FYI, #8 hardware cloth is available on-line and most local hardware stores such as Ace /True Value Hardware.


----------



## rebecca121760 (Aug 25, 2016)

Okay. Yes, I love that the beetles just fall through the number 6. We haven't found any bees in there yet. I wonder about #7. I can find !/2 inch, 1/4 inch and #8. I think #8 is what we have on our other screen board. It just isn't big enough for the beetles to fall through. We found 80 beetles in the trap in less than 6 hours so I am thankful. We have already had one hive absond that was infested like that. We are first year beekeepers so we were pretty darn sad. Thank you!!


----------



## snapper1d (Apr 8, 2011)

#6 hardware cloth is 3/16". Small cell foundation is 4.9 mm. 3/16" = 4.7625 mm. Bees from regular foundation which is even larger would have a pretty dog gone tough time getting through a hole smaller than they are.


----------



## snapper1d (Apr 8, 2011)

I forgot to say there is one thing harder than a bee getting through #6 hardware cloth and that would be finding someone who sells #6 hardware cloth.


----------



## Rader Sidetrack (Nov 30, 2011)

snapper1d said:


> #6 hardware cloth is 3/16".


That is not correct. 

There are 6 wires per inch in #6 hardware cloth.
1/6 = 0.1666	
As a comparison, 3/16 = 0.1875

In addition, the 'holes' in #6 cloth are reduced by the diameter of the wire used. So, subtract say 0.017" (wire) from 0.1666" wire spacing. 
0.1666 - 0.017 = 0.1496" 'hole' size

Convert that result to millimeters and you get 3.8 mm 'hole' size.


----------



## Rader Sidetrack (Nov 30, 2011)

Grainger sells #6 hardware cloth, however, the linked product is expensive as its stainless steel.

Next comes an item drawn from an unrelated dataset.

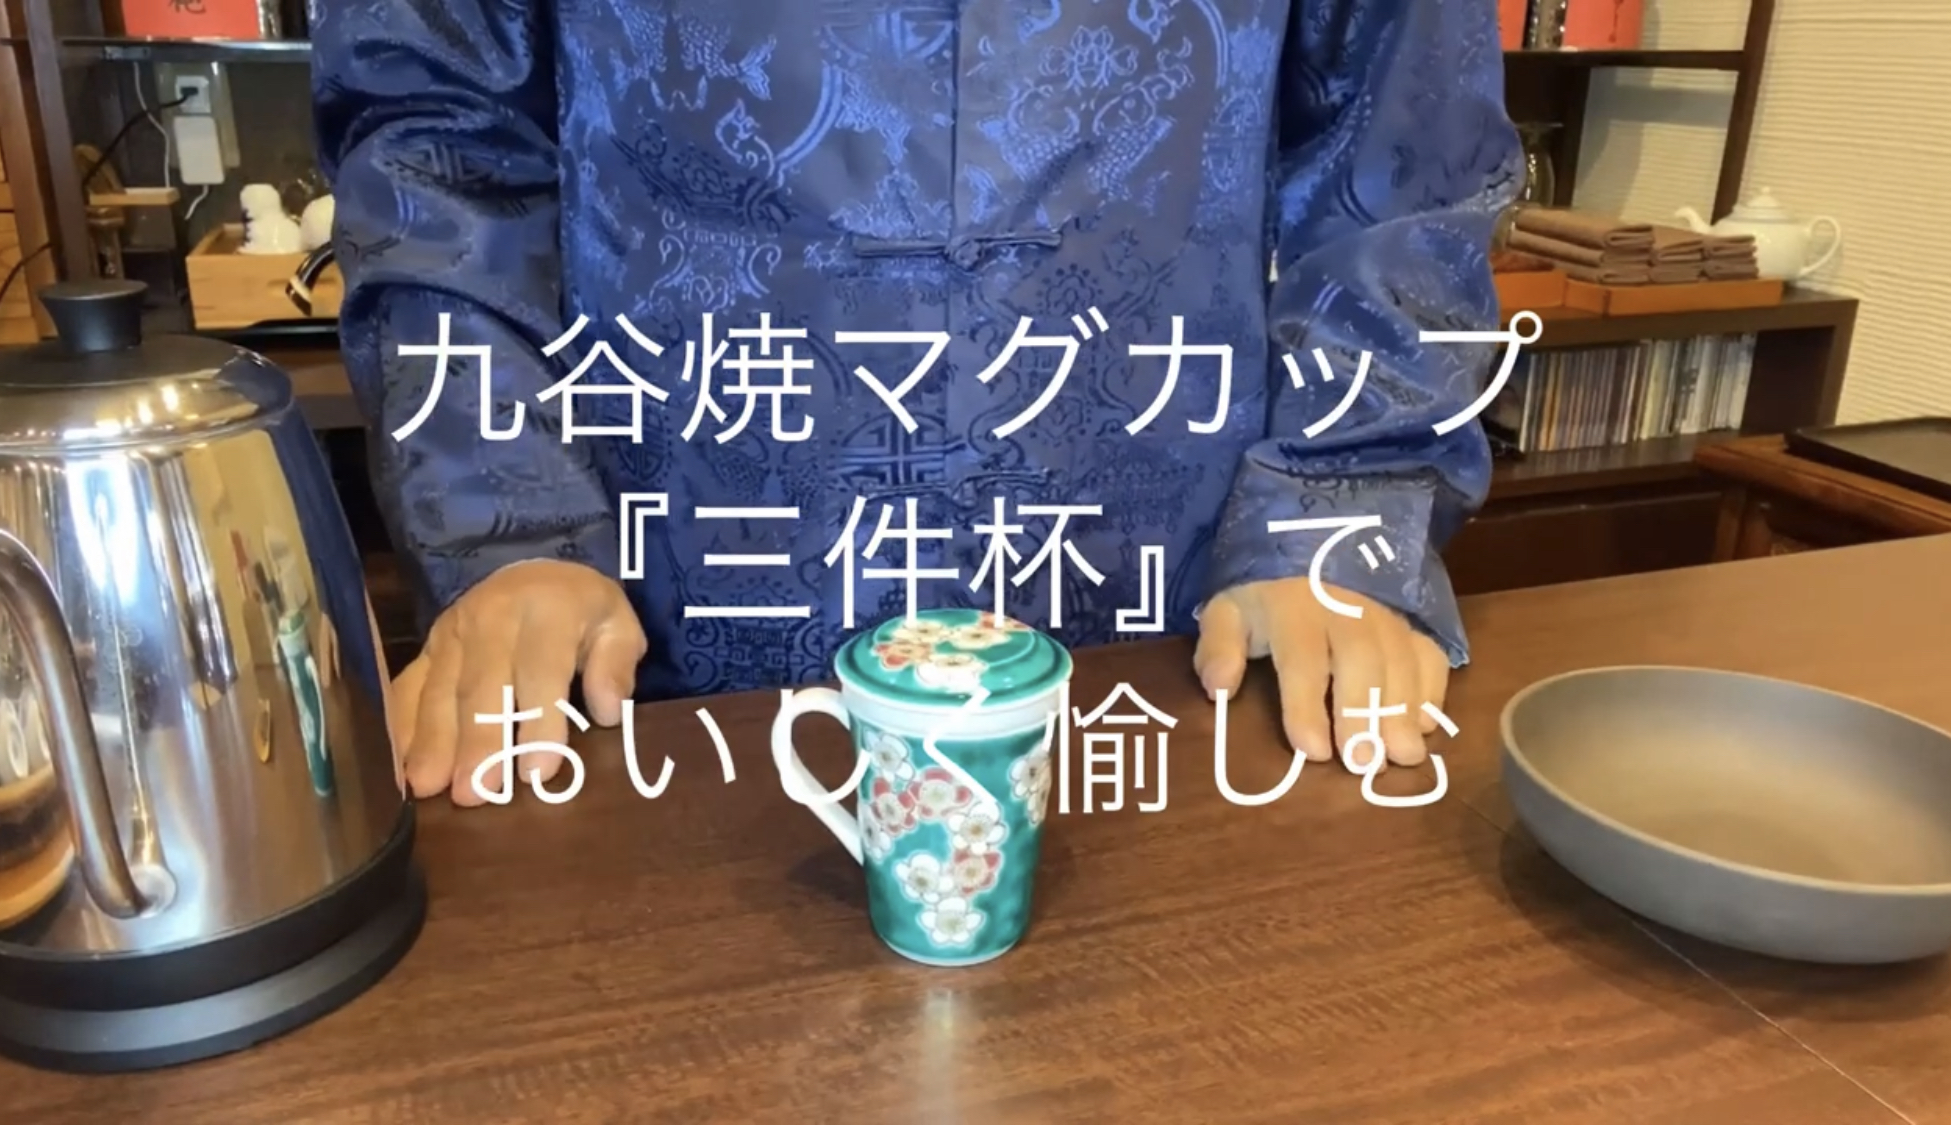 九谷焼マグカップ「三件杯」でおいしく愉しむアイキャッチ

www.grainger.com/product/GRAINGER-A...com/rp/s/is/image/Grainger/NOTAVAIL?$smthumb$

Note that the wire diameter in the Grainger product is 0.0280", which is thicker than my estimated wire diameter in post #7. The resulting 'hole' size in the stainless #6 mesh is 0.1387" or 3.5229 mm.


----------



## snapper1d (Apr 8, 2011)

Yep!!! So the wire size even makes the hole size even smaller and even tougher for a bee to get through!!!


----------



## Rader Sidetrack (Nov 30, 2011)

Well, _snapper1d_, Lloyd From Ross Rounds / Sundance Pollen Traps says worker bees can get through #6 hardware cloth. I, for one, think Lloyd knows what he is talking about. I don't have that same confidence in your claims.



[email protected] said:


> 6 mesh hardware cloth contains 6 squares to the inch. Workers can pass through 6 mesh screening, but with difficulty. More than 20 years ago we tried using 6 mesh screening on our traps but found it removed too much of the pollen so brood suffered.

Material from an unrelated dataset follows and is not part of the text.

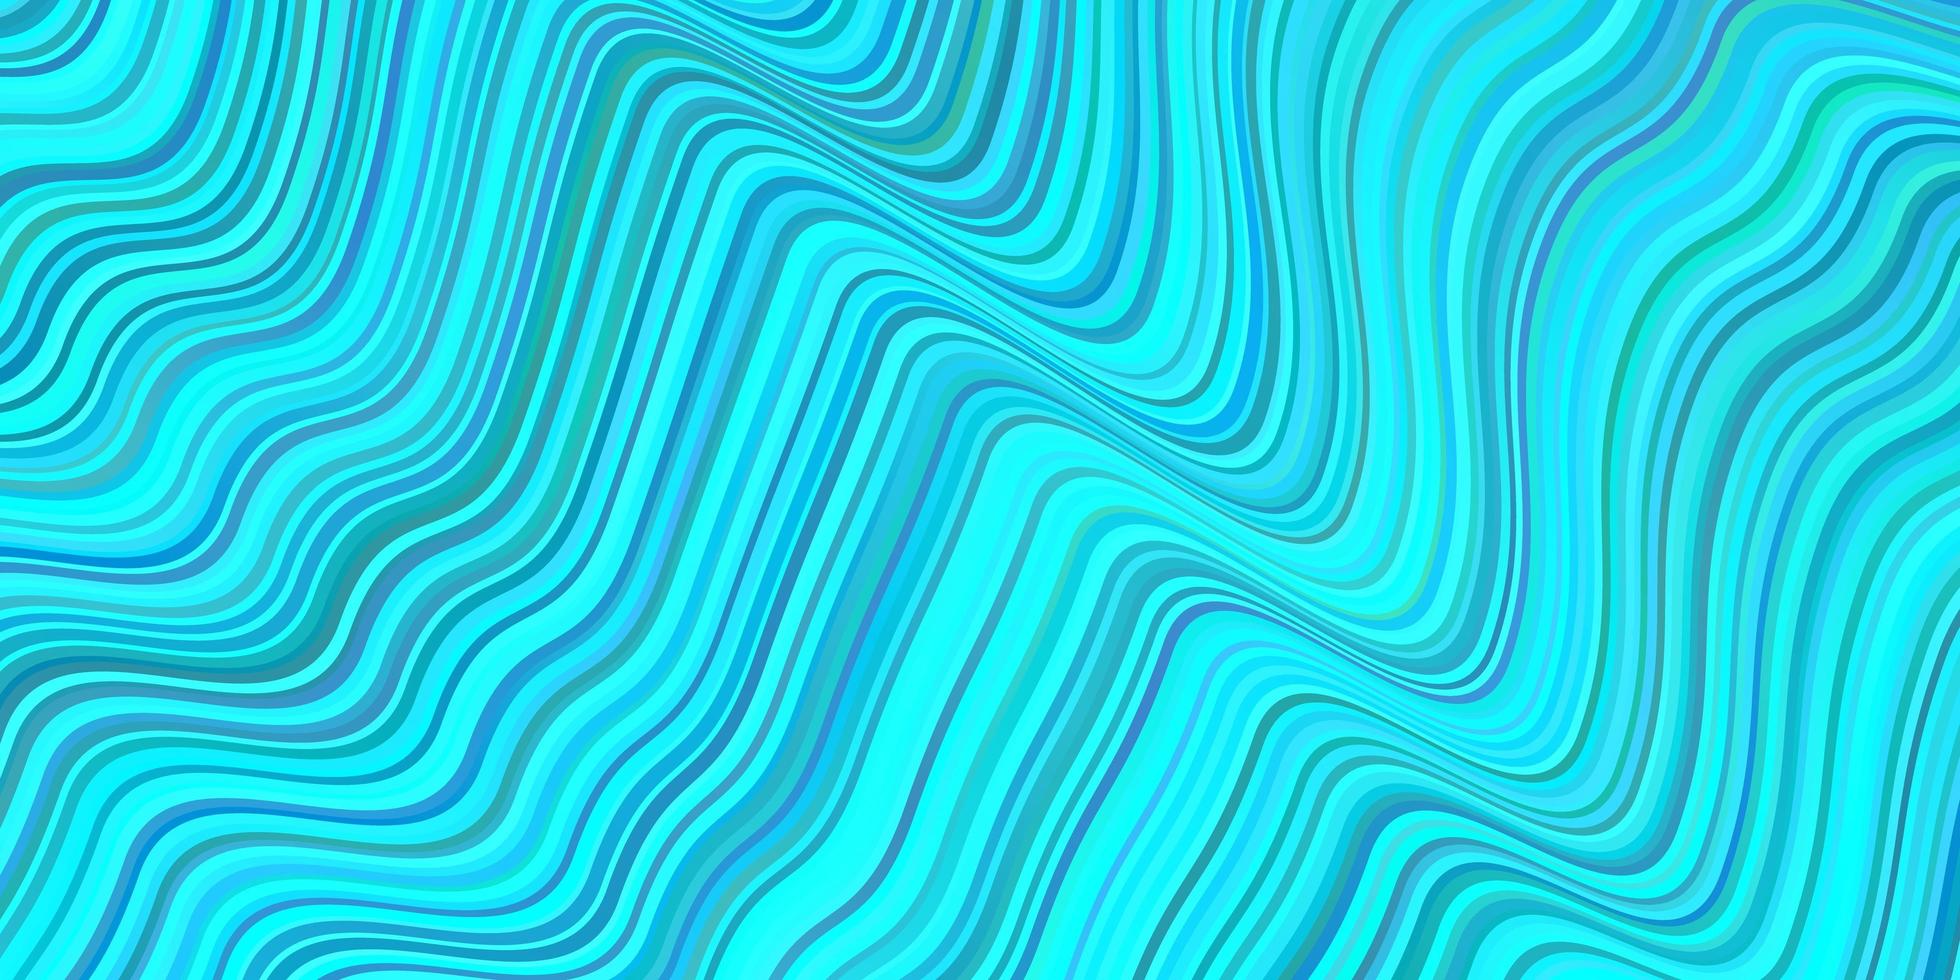 fundo vector azul claro com linhas.

In addition to Lloyd's comments, Michael Bush has posted essentially the same thing.


----------



## snapper1d (Apr 8, 2011)

I didnt claim bee could go through it!!! I ask how can they since they are bigger than the hole size.Their exoskeletons cant contract and expand like other thing can.Then you just pointed out the hole size is even smaller by the wire size.


----------



## beepro (Dec 31, 2012)

So, get the #5 wire size then. At least the pollen sacks can get through too.
During the early Spring time they are loaded with big baskets of pollen on their
return flight. If #6 knocked out some of the pollen when they most needed them to
feed the broods then you have to get a bigger size hole.


----------



## NCbeek (Mar 23, 2011)

Rader Sidetrack said:


> Well, _snapper1d_, Lloyd From Ross Rounds / Sundance Pollen Traps says worker bees can get through #6 hardware cloth. I, for one, think Lloyd knows what he is talking about. I don't have that same confidence in your claims.
> 
> 
> 
> In addition to Lloyd's comments, Michael Bush has posted essentially the same thing.

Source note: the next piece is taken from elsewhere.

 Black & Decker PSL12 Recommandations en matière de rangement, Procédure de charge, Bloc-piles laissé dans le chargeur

Maybe our colonies don't know they can or don't care to, but I have 18 hives with #6 screen over oil and one or two bees get into the oil a year. Two bees a year I can live with. Have had them on for three years. 
I'm a nobody in the beekeeping world and it works for me. 
We get it from a company called Durby out of Pennsylvania. We have been using stainless, which you know is pricey. They make aluminum this year which is cheaper. Give them a call. They will let you buy as much or as little as you want.


----------



## snapper1d (Apr 8, 2011)

It is pricey but if it works its worth a hive saved.I have also noticed some beetle trying to get through #8 and couldnt.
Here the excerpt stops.